I wrote last week that post-pandemic challenges that research computing teams will be facing include:
- Having really high-functioning teams, ready to work with new distributed coworkers
- Having a very clear focus to communicate to administration and funders
- Having a very clear value to communicate to researchers and other stakeholders
The current link-roundup approach has supported readers much more in 1 than 2 or 3; there’s a lot more material out there every week on managing technical teams than there are on (say) grant writing for research computing, or research product management.
In 2021 I’d like this newsletter to be much less about “links of the week” and more about building up a library of material that help research computing teams face the challenges we take on in supporting research in an uncertain environment.
To support that, I’m putting together a much improved webpage which will have a library of resources, and make it easier to search for past material. I intend that to be up and running early in the new year. I’d also like to change the format a bit, and have shorter more focussed newsletter issues.
I’ll send around a survey before the end of the year, but if you have ideas of what you’d like to see, how you’d like things structured - should everything be in one newsletter, or should you be able to pick-and-choose topics? Or even new formats would you like to see - would something like a community chat/zoom call or interviews or something else be useful to you? - please let me know - email me at jonathan@researchcomputingteams.org, or respond to this email.
Managing Teams
We Learn Faster When We Aren’t Told What Choices to Make - Michele Solis, Scientific American
A key responsibility of ours as managers is to make sure our team members are growing in their skills and abilities. Solis’ article summarizes recent work with simple game-like settings where participants learn, for instance, which symbol in the game is worth more. The authors demonstrate that the participants learn faster when its their choices that drive the learning rather than when they’re guided through the choices which show them the same things.

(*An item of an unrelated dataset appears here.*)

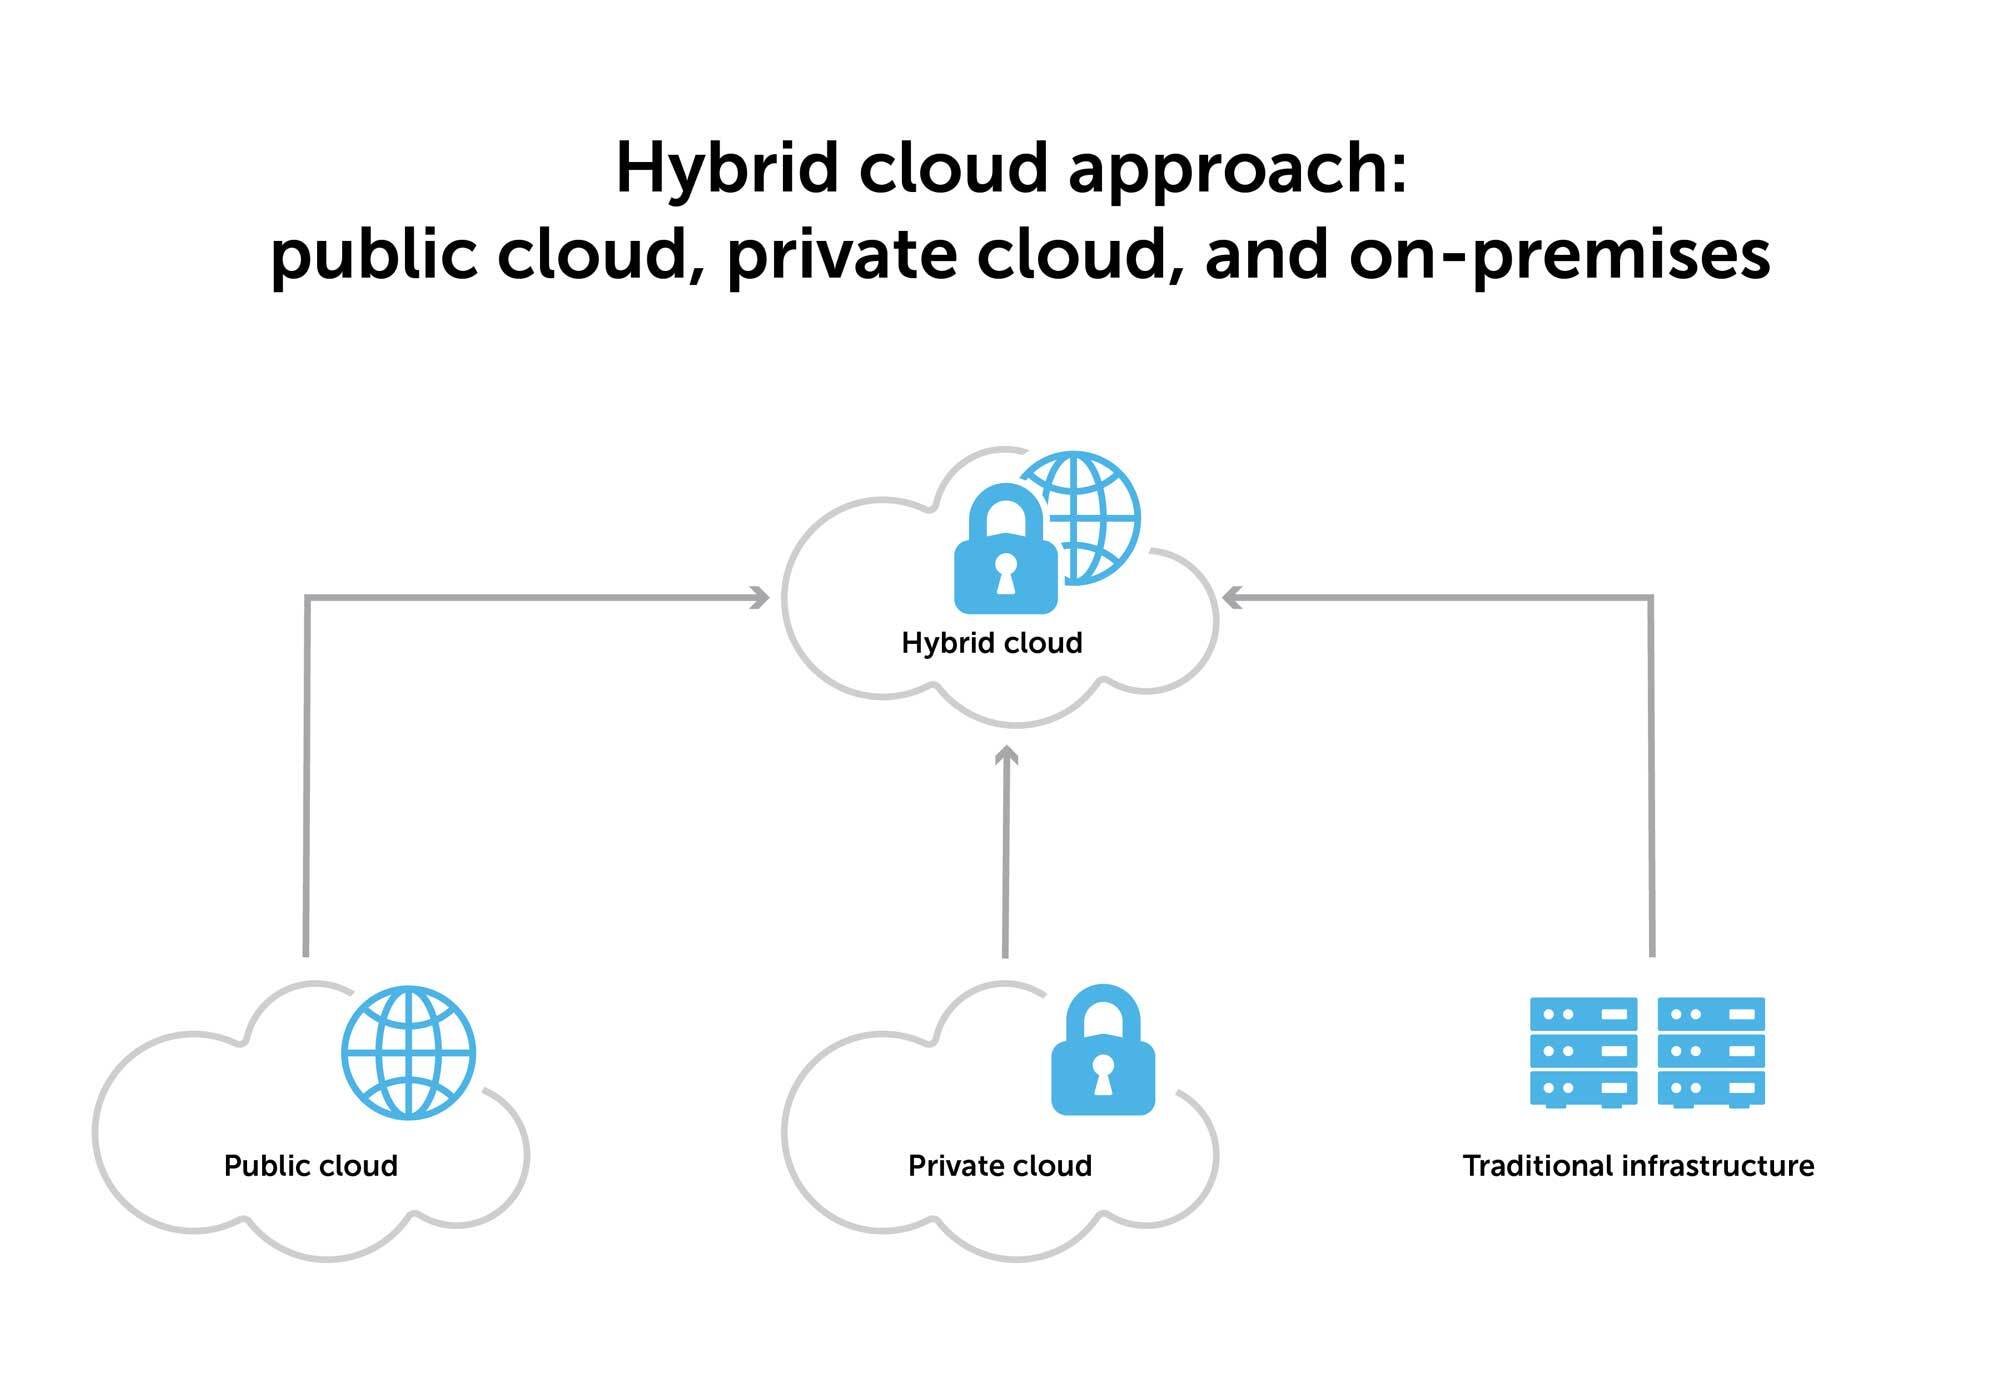 A hybrid cloud approach includes public cloud, private cloud, and on-premises

It’s important to delegate new tasks to team members, and while they’re learning - climbing up the responsibility ladder, or gaining experience managing increasingly complex projects - it’s our responsibility to provide guidance to team members and not leave them adrift. But we do that best by providing guardrails, not by controlling the steering wheel.
End Micromanagement: 6 Signs You’re a Micromanager (And What to Do Instead) - Dara Fontein
The Most Important Management Concept You’re Missing: Task Relevant Maturity - Lighthouse
Relatedly, one of the big questions new managers have is how much managing is too much - you don’t want to micromange. In research computing the default is to come down on the side of way, way too little managing.

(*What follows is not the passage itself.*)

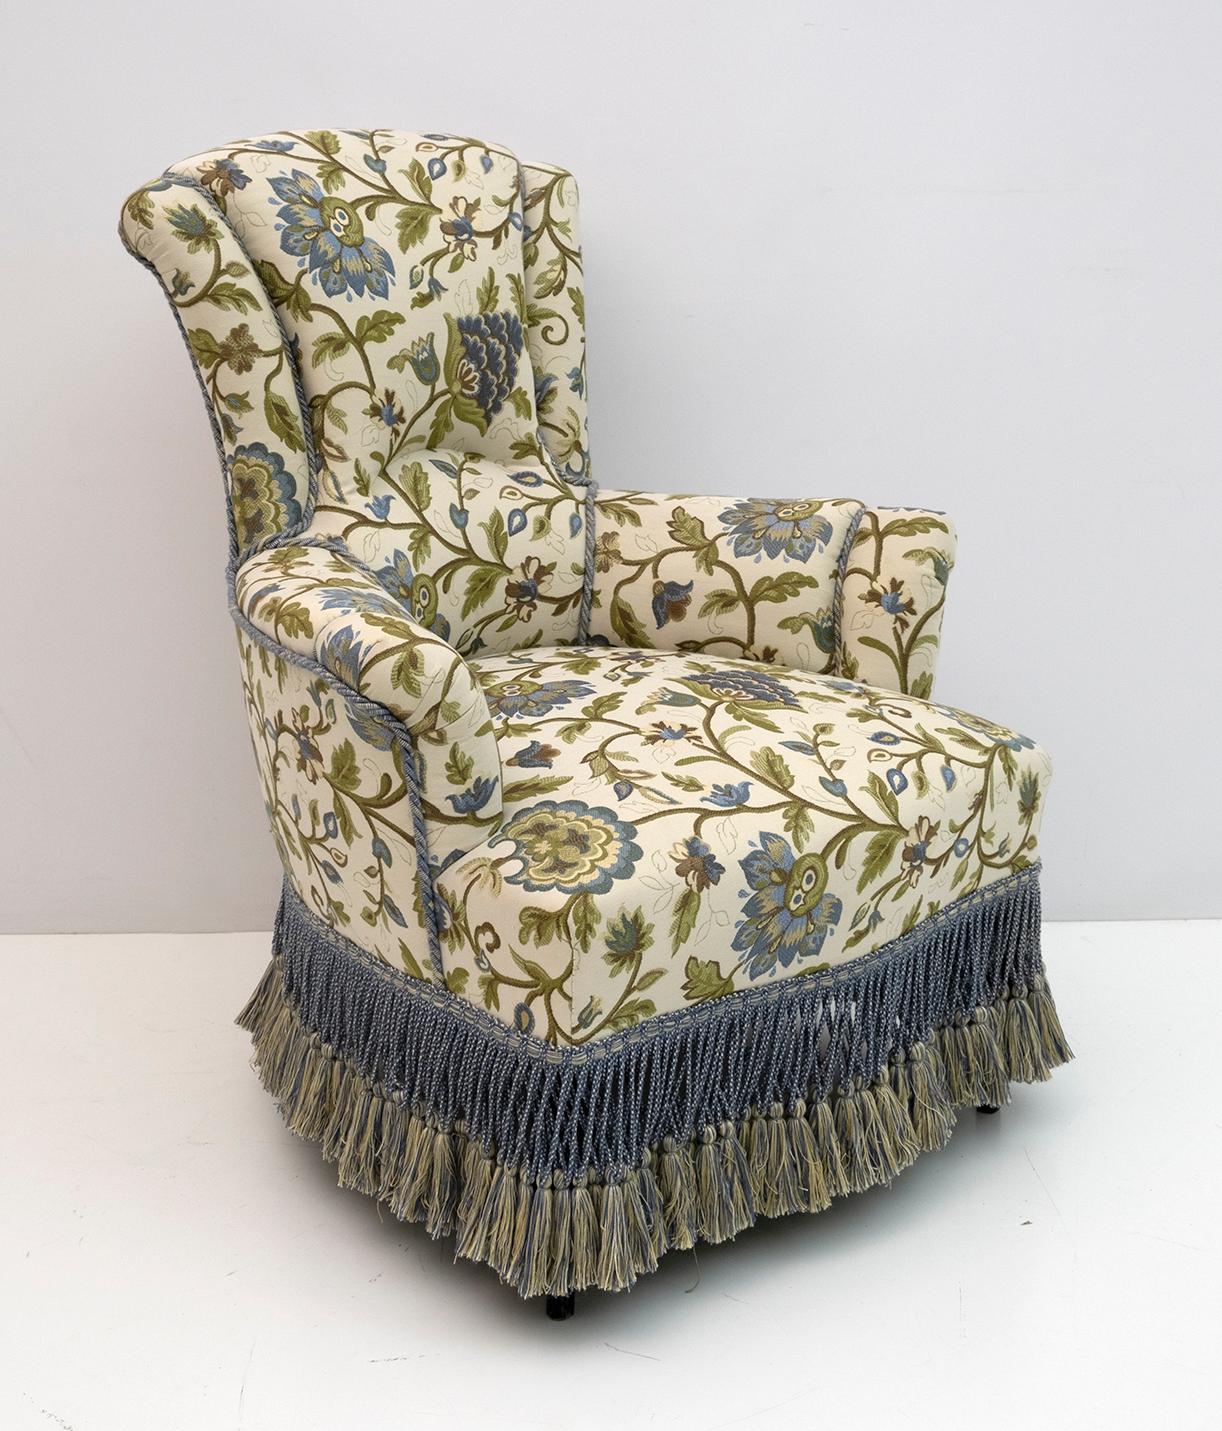 Brocart Paire de rares fauteuils Napoléon III en brocart du 19ème siècle en vente

These two articles read together I think help clarify things. Fontein’s article outlines common micromanaging signs, and I can almost guarantee that if you’re in research computing you don’t tick any of those boxes (except maybe “you hate delegating tasks”, but that’s a skill that needs some practice).

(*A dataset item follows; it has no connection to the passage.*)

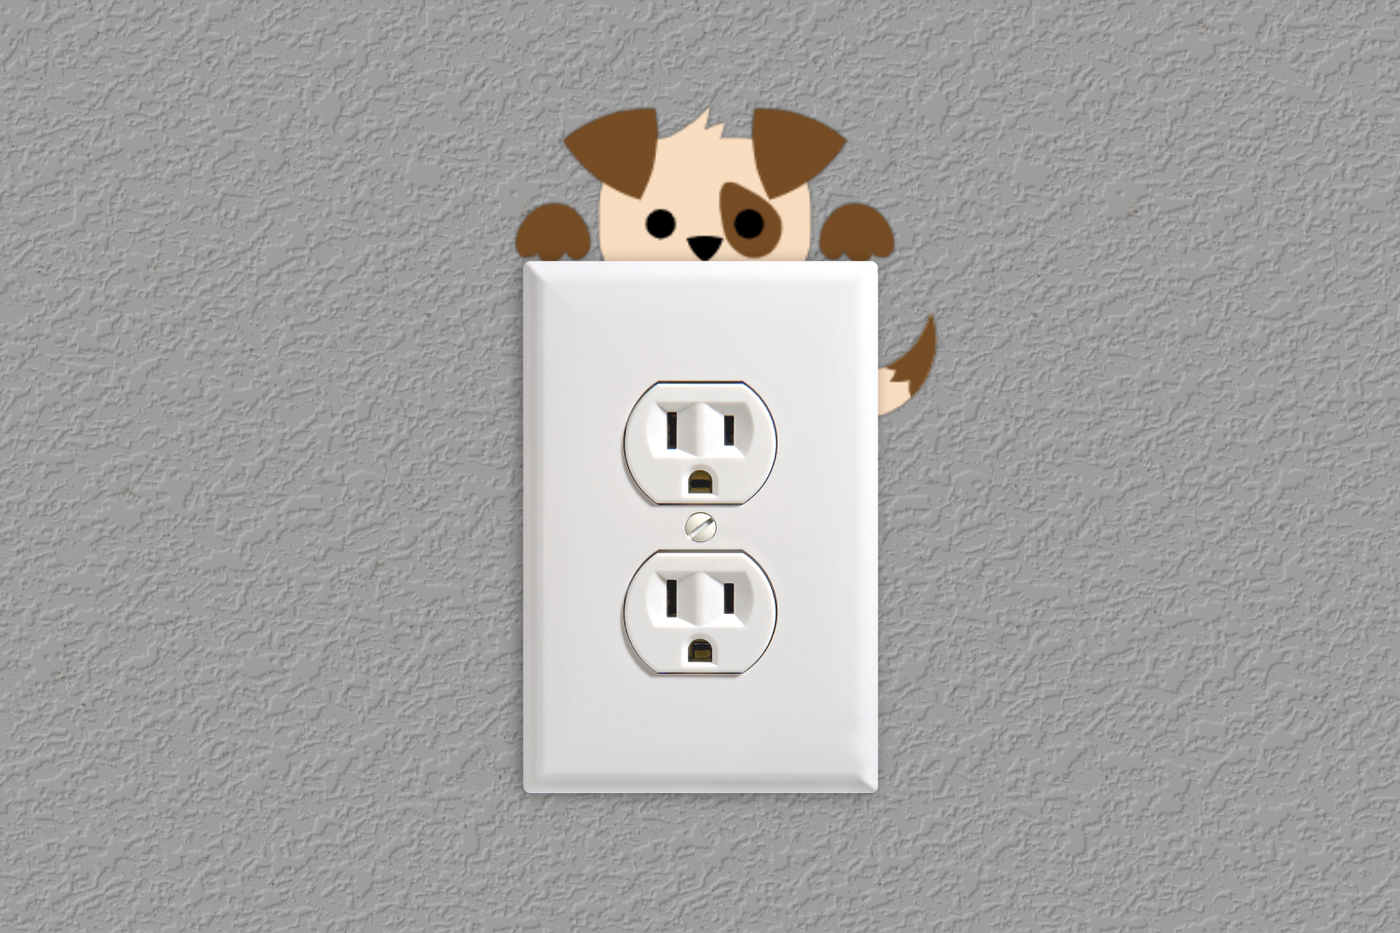 Dog light switch or outlet design

But when working with new people, especially junior staff, you do have to keep an eye on them as they progress. So how does that work?
The Lighthouse article on task relevant maturity (and other resources that have come up before - An Engineering Team where Everyone is a Leader and The Responsibility Ladder ) help clarify thinking around this. The idea isn’t to drop someone new into some big project and let them sink or swim; that’s not good management. But doing the work for them or rewriting their code isn’t good management either.
The idea is to give clear goals about what is to be achieved along with measures of success, and to let them run with it. Initially you follow up relatively closely - assessing the what’s not the how’s - and as they mature and demonstrate “task-relevant maturity” the training wheels slowly come off and they get more and more latitude and less oversight.
Product Management and Working with Research Communities
A web-native approach to open source scientific publishing – Nokome Bentley, OpenSource.com
The first of eLife’s Executable Research Articles are now online, allowing published, interactive Markdown and Jupyter notebooks in papers.
Readers of an ERA publication can then inspect its code, modify it, and re-execute it directly in their browser, allowing them to better understand how a figure is generated. They can change a plot from one format to another, alter the data range of a specific analysis, and more.
You can see two here:
- Replication Study: Transcriptional amplification in tumor cells with elevated c-Myc - Lewis et al.
- Inter- and intra-animal variation in the integrative properties of stellate cells in the medial entorhinal cortex - Pastoll et al.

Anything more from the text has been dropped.